Le Labyrinthe - Renée Vivien

J’erre au fond d’un savant et cruel labyrinthe…

Je n’ai pour mon salut qu’un douloureux orgueil.

Voici que vient la Nuit aux cheveux d’hyacinthe,

Et je m’égare au fond du cruel labyrinthe,

Ô Maîtresse qui fus ma ruine et mon deuil.

 

Mon amour hypocrite et ma haine cynique

Sont deux spectres qui vont, ivres de désespoir ;

Leurs lèvres ont ce pli que le rictus complique :

Mon amour hypocrite et ma haine cynique

Sont deux spectres damnés qui rôdent dans le soir.

 

J’erre au fond d’un savant et cruel labyrinthe,

Et mes pieds, las d’errer, s’éloignent de ton seuil.

Sur mon front brûle encor la fièvre mal éteinte…

Dans l’ambiguïté grise du Labyrinthe,

J’emporte mon remords, ma ruine et mon deuil…

 

Publié en 1904 dans le recueil La Vénus des Aveugles, Alphonse Lemerre, éditeur, (p. 121-122).
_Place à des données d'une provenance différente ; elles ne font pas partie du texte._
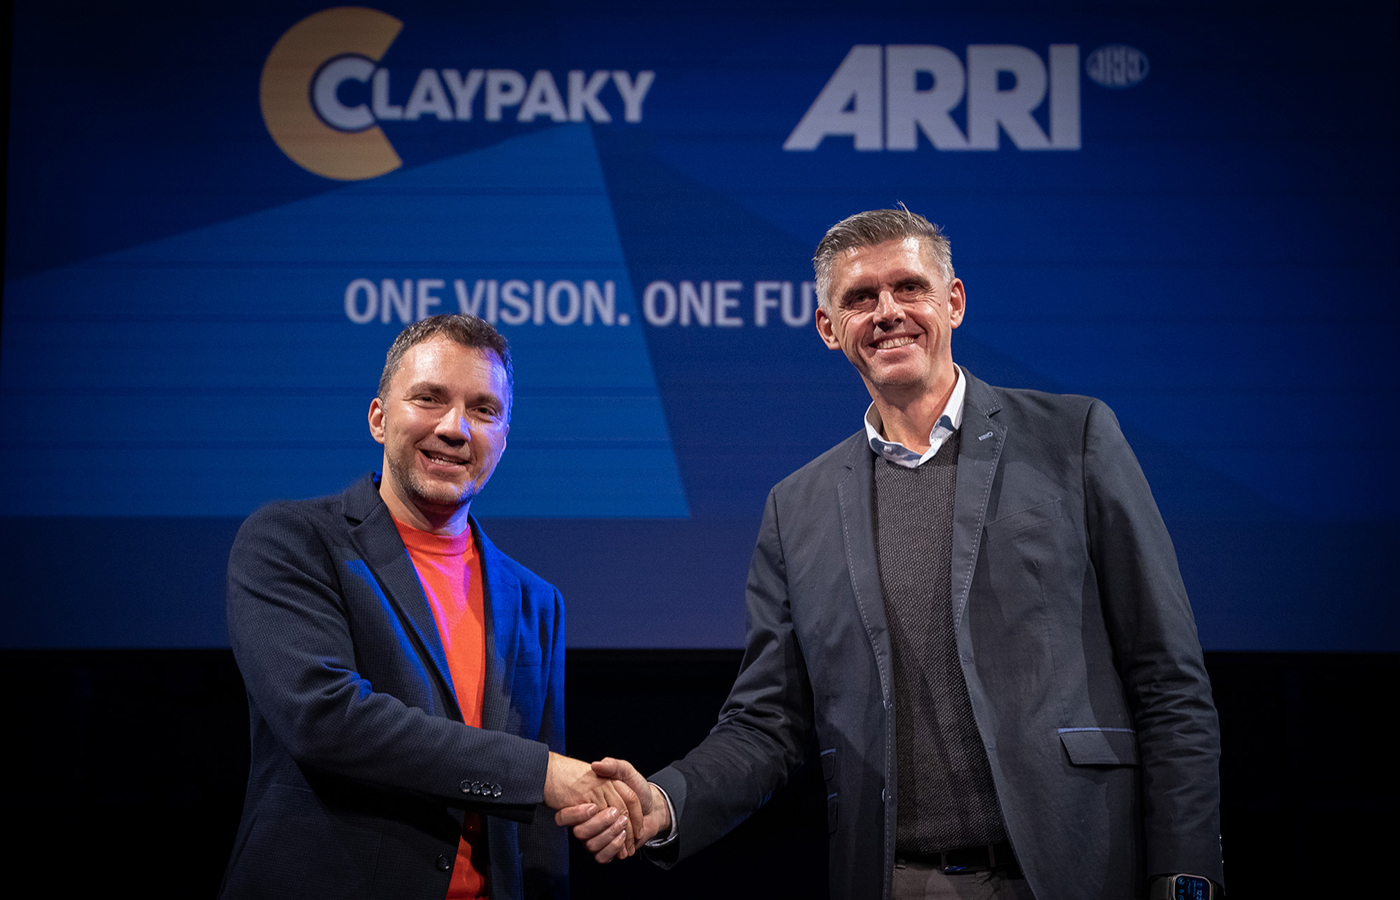 Dr. Matthias Erb (opening image, r.), Chairman of the Executive Board at ARRI, and Claypaky CEO Marcus Graser welcome the new cooperation.

Portrait de Renée VivienRenée Vivien, de son vrai nom Pauline Mary Tarn (1877-1909), incarne la figure paradoxale d’une poétesse anglo-américaine devenue icône littéraire parisienne. Née à Londres dans un milieu aisé, elle choisit le français pour exprimer ses tourments amoureux teintés de symbolisme et de décadentisme. Son poème Le Labyrinthe (1904) cristallise cette quête existentielle à travers une métaphore filée de l’amour impossible : « J’erre au fond d’un savant et cruel labyrinthe » traduit à la fois la complexité de ses relations saphiques avec Natalie Barney et la baronne Hélène de Zuylen, et sa lutte contre les conventions sociales victoriennes. Le vers « Mon amour hypocrite et ma haine cynique » révèle la tension entre désir et désillusion qui traverse son œuvre, marquée par l’alcoolisme et une mort précoce à 32 ans. Surnommée « Sapho 1900 », Vivien réinvente le lyrisme amoureux par des images cruelles (« la Nuit aux cheveux d’hyacinthe ») où l’érotisme se mêle à la mélancolie fin-de-siècle, faisant d’elle une pionnière de la poésie queer.